There are mainly two private computation models, secret sharing-based MPC and public key-based MPC, and secret sharing-based MPC currently has an advantage. On the other hand, we focus on the convenience of FHE. Public key-based MPC can establish a simple mechanism to obtain results while keeping the learning model possessed by the server and the personal information of many data owners confidential from each other, relying only on cryptographic strength. The secret sharing-based MPC is faster but requires at least two trusted parties that do not collude with each other, which creates a different problem to cryptographic strength.
Other drawbacks of public key-based MPC are its security against the chosen plaintext attack (CPA) and computational cost.
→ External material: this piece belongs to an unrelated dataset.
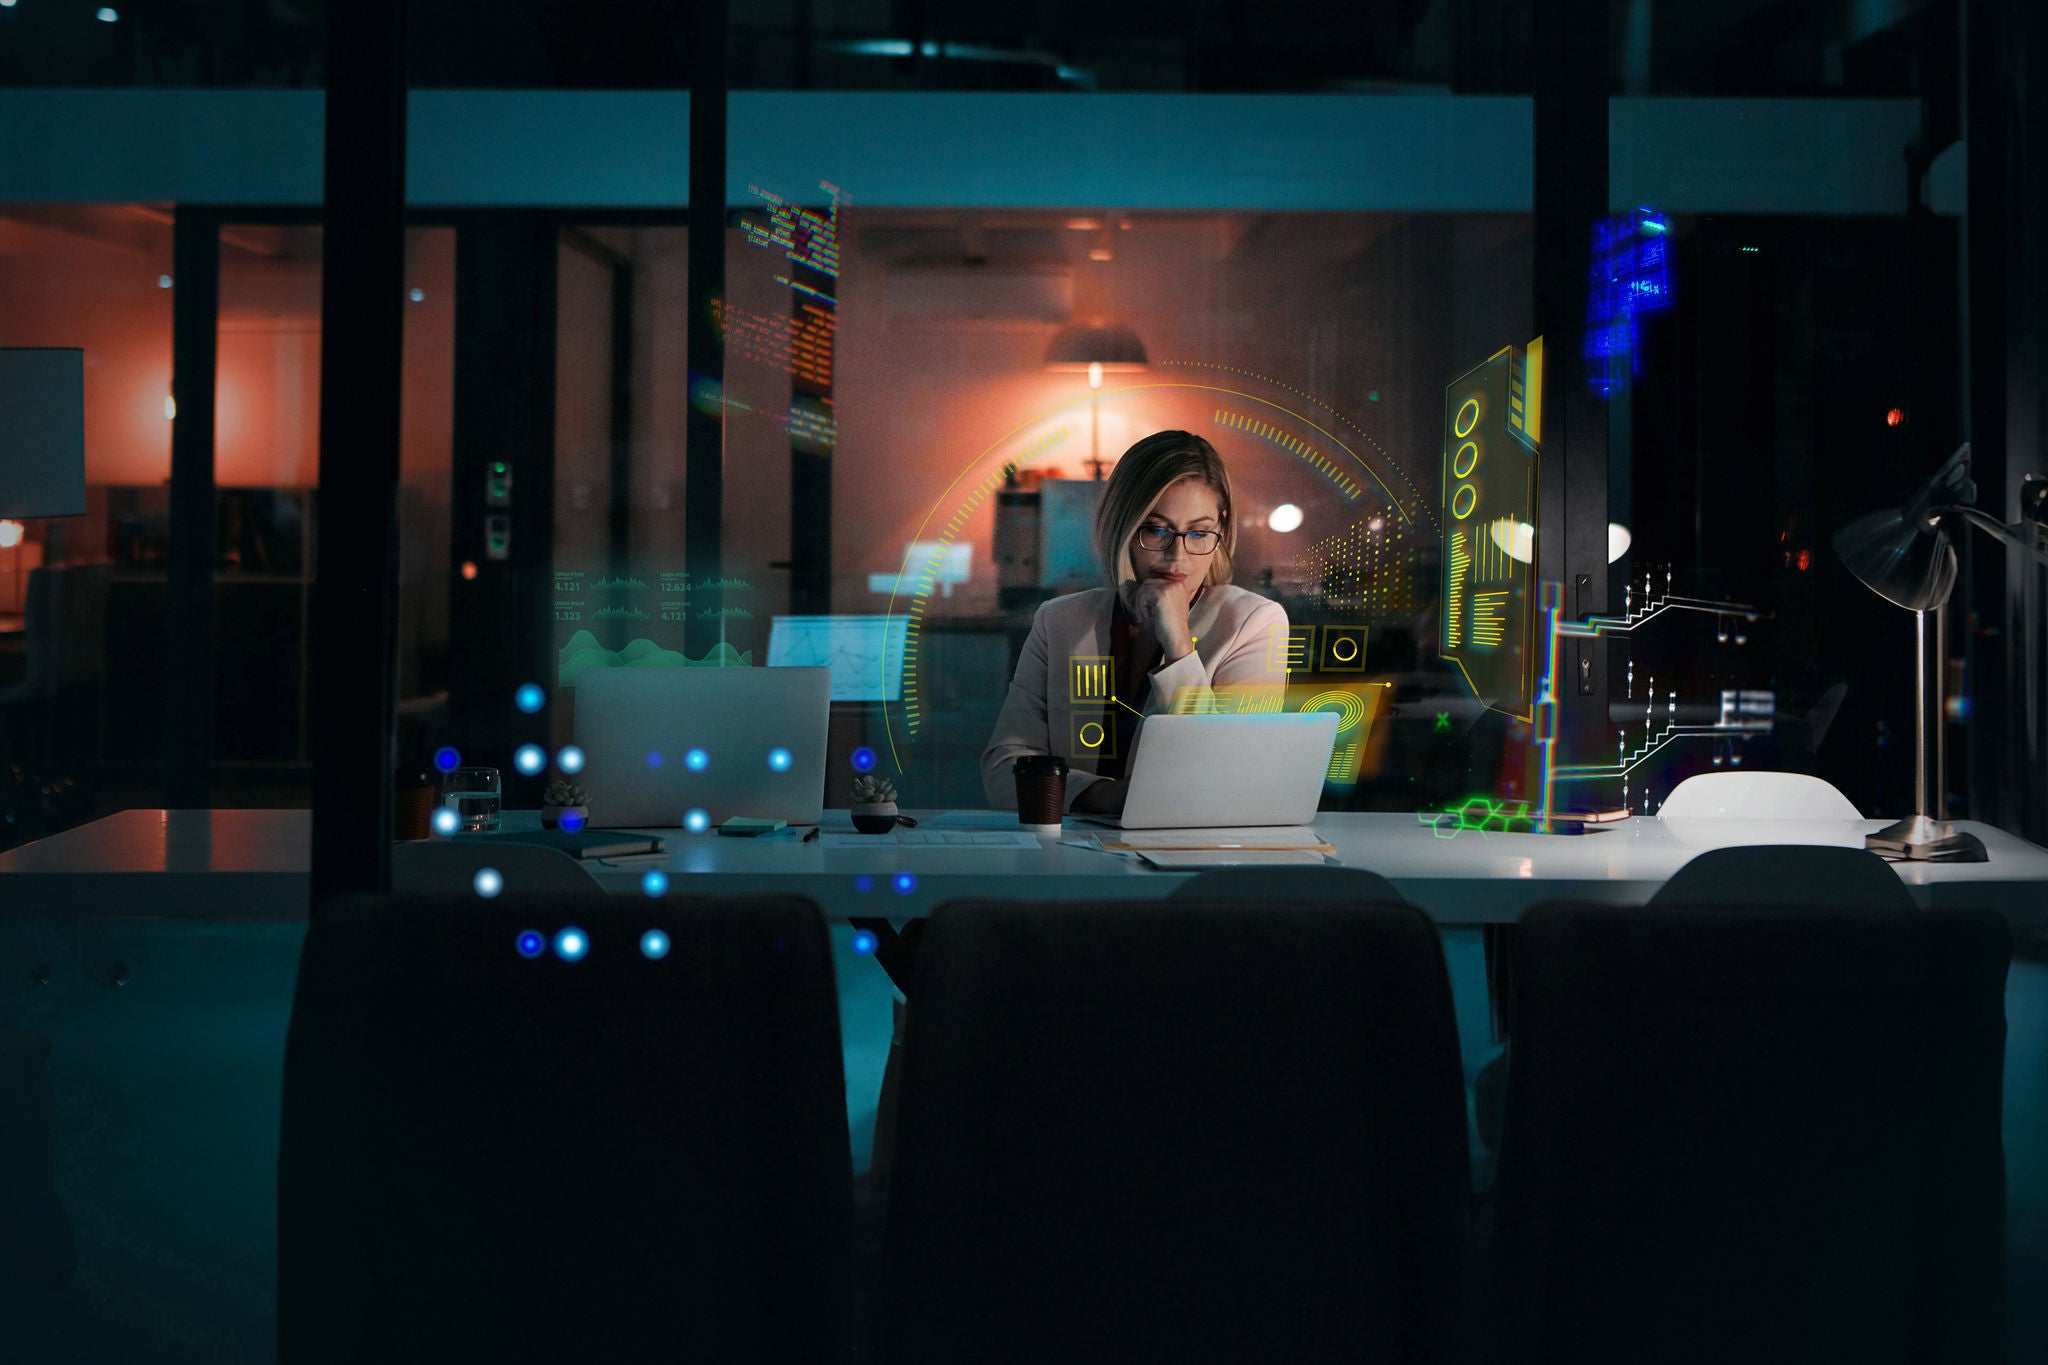 Businesswoman using a laptop at her desk during a late night at work

TFHE is, however, computationally secure against the chosen ciphertext attack (CCA), which assumes a stronger adversary than CPA so that an attacker cannot obtain meaningful information from plaintext or ciphertext within polynomial time.
In this section, we discuss related work on private feature selection as well as the benefits of our method. Rao [
26] et al. proposed a homomorphic encryption-based private feature selection algorithm. Their protocol allows the additive homomorphic property only, which invariably leaks statistical information about the data. Anaraki and Samet [
27] proposed a different method based on the rough set theory, but their method suffers from the same limitations as Rao et al., and neither method has been implemented. Banerjee et al. [
28], and Sheikhalishahi and Martinellil [
29] have proposed MPC-based algorithms that guarantee security by decomposing the plaintext into shares, as a different approach to the private feature selection, while achieving cooperative computation. Li et al. [
30] improved the MPC protocol on the aforementioned flaw and demonstrated its effectiveness through experiments.
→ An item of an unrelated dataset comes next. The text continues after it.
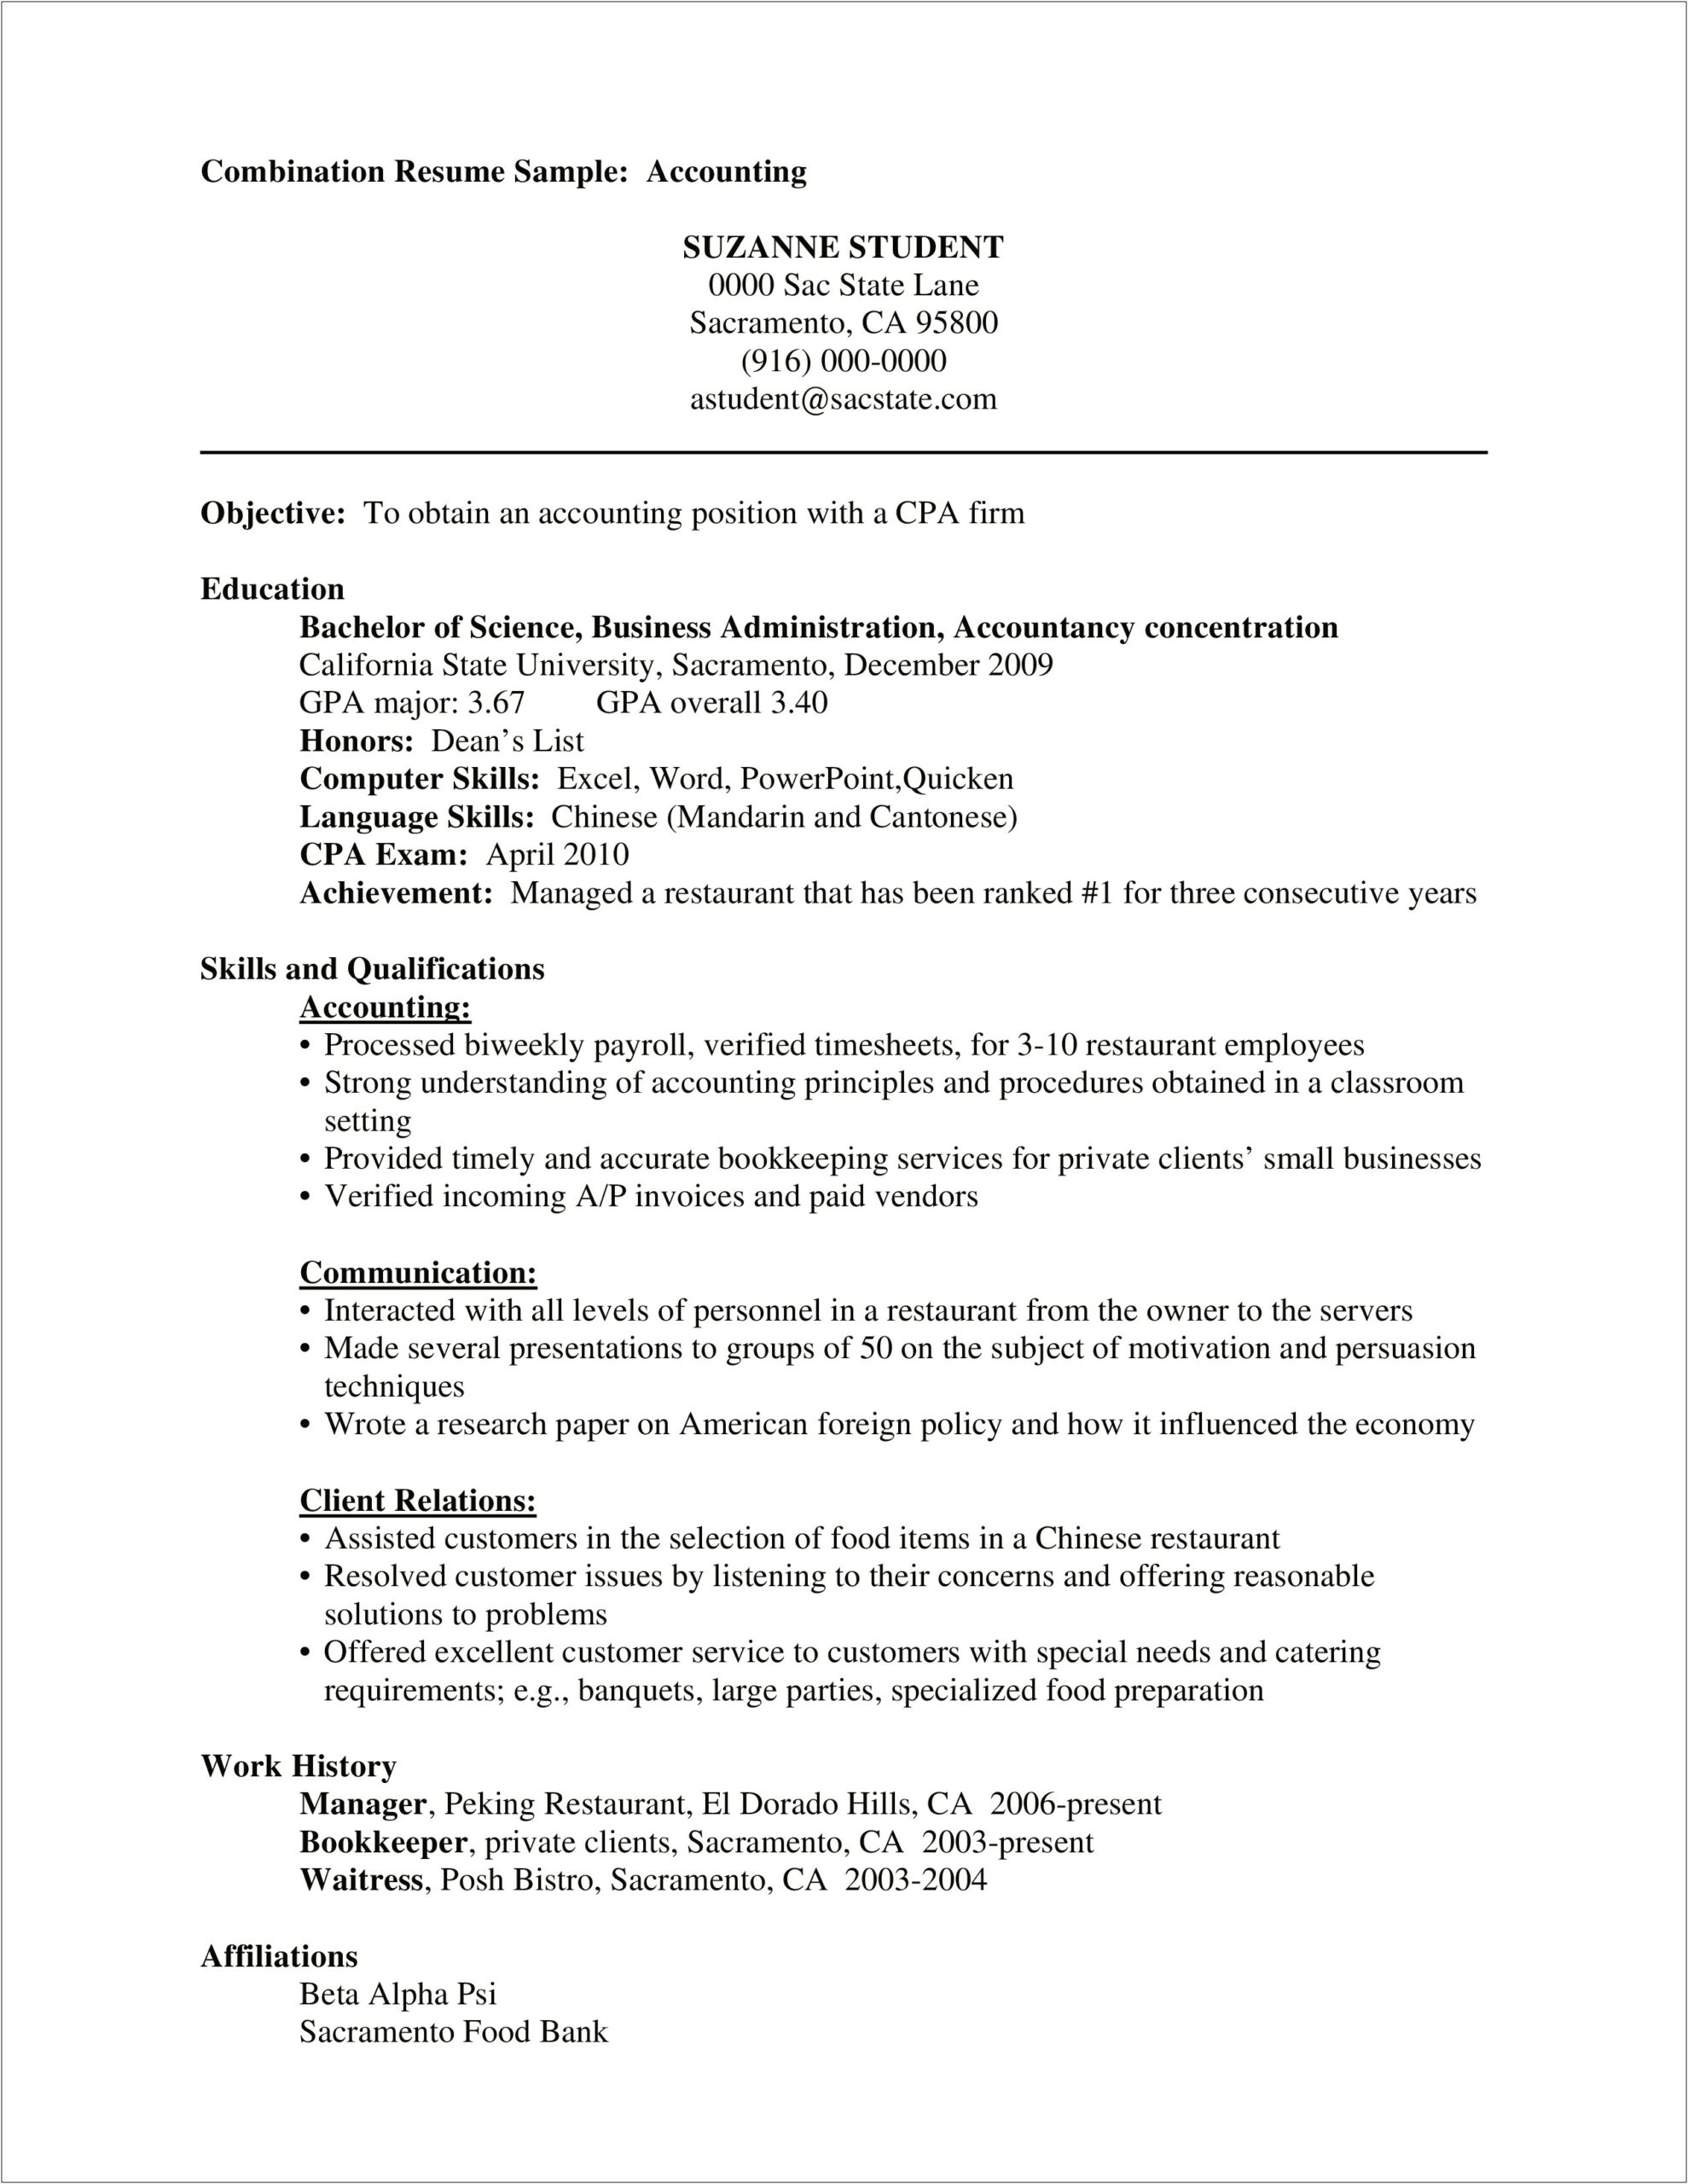 Combination Resume Sample For Students

These methods avoid partial decoding under the assumption that the mean of feature values provides a good criterion for feature selection. This assumption, however, is heavily dependent on data. The most important task in general feature selection is feature value-based sorting, and CWC and its variants [
7,
8,
11] demonstrated the effectiveness of sorting with the consistency measure and its superiority over other methods. On ciphertext, this study realizes the sorting-based feature selection algorithm (e.g., CWC).
We focus on the learning decision tree by MPC [
31] as another study that employs sorting for private ML, where the sorting is limited to the comparison of
N values of fixed length in
$O\left(N{log}^{2}N\right)$ time by a sorting network. In the case of CWC, however, the algorithm must sort
N data points, each of which has a variable length of up to
M, so a naive method requires
$O(MNlogN+N{log}^{2}N)$ time. Our algorithm reduces this complexity to
$O(MN+N{log}^{2}N+NlogNlogM)$, which is significantly smaller than the naive algorithm depending on
M and
N. Through experiments, we confirm this for various data, including real datasets for ML.
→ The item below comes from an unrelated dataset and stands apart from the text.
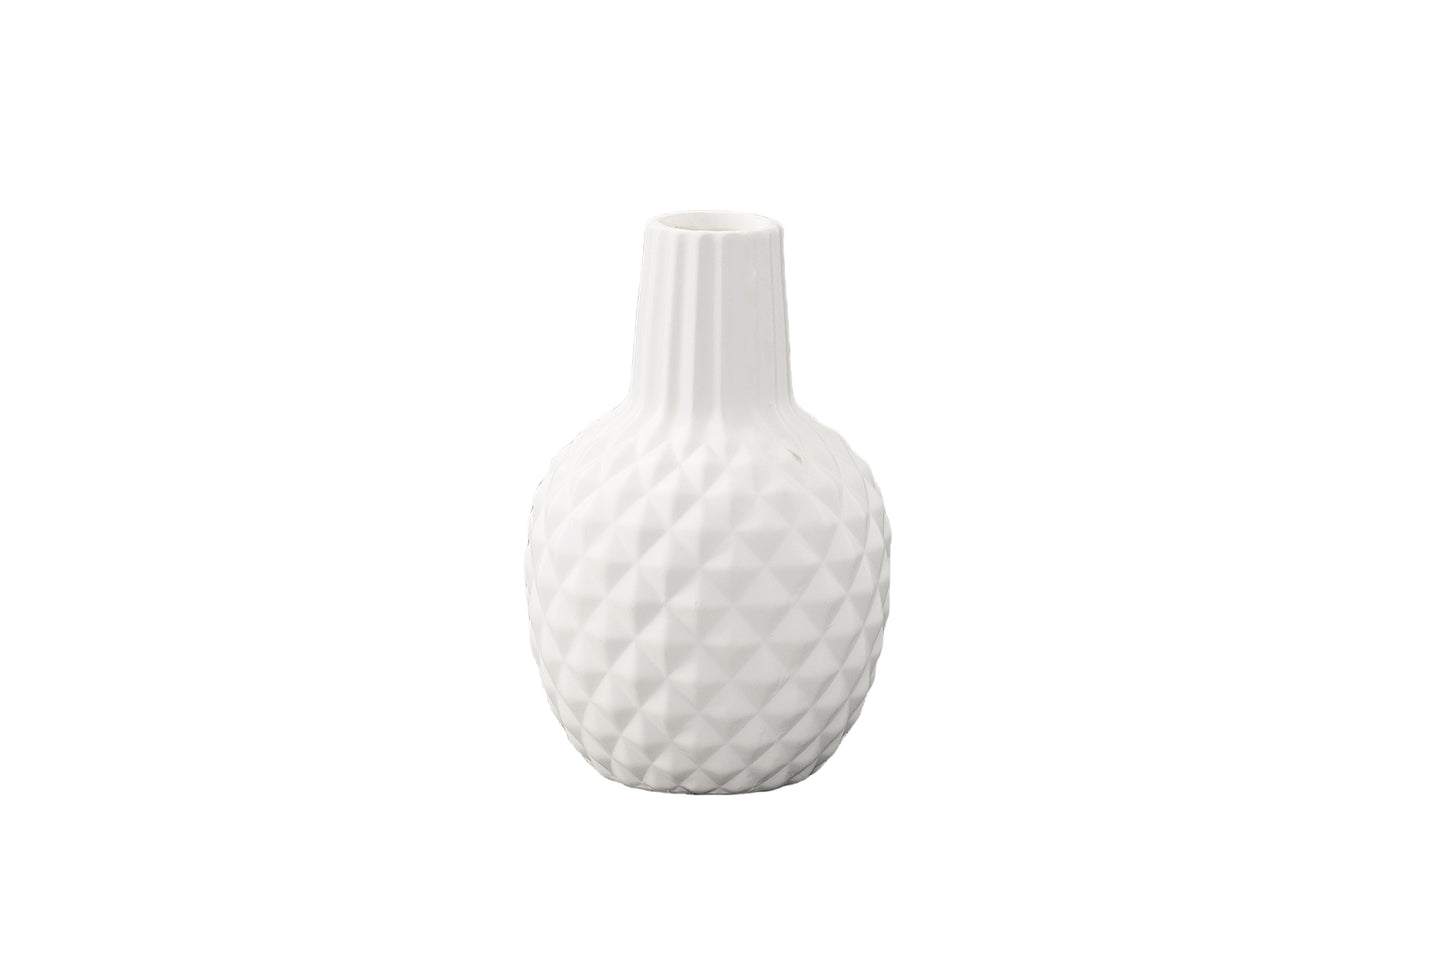 Ceramic Bellied Round Vase with Long Engraved Parallel Lines Design Neck, Engraved Diamond Design Body and Tapered Bottom Matte Finish White

Although sorting itself is not ML, a fast-sorting algorithm is an important preprocess for ML model training. In the previous result [
7], it was shown that sorting-based feature selection can classify with higher accuracy than other heuristic methods. Furthermore, preprocessing by sorting has proven to be an important task in decision tree model training [
31]. On the other hand, it is also well known that sorting can speed up ML model training. For example, in SVM, which is widely used in text classification and pattern recognition, the problem of finding the convex hull of
n points in Euclidean space can be reduced from
$O\left({n}^{2}\right)$ to
$O\left(nlogn\right)$ time by preprocessing it with an appropriate sorting algorithm.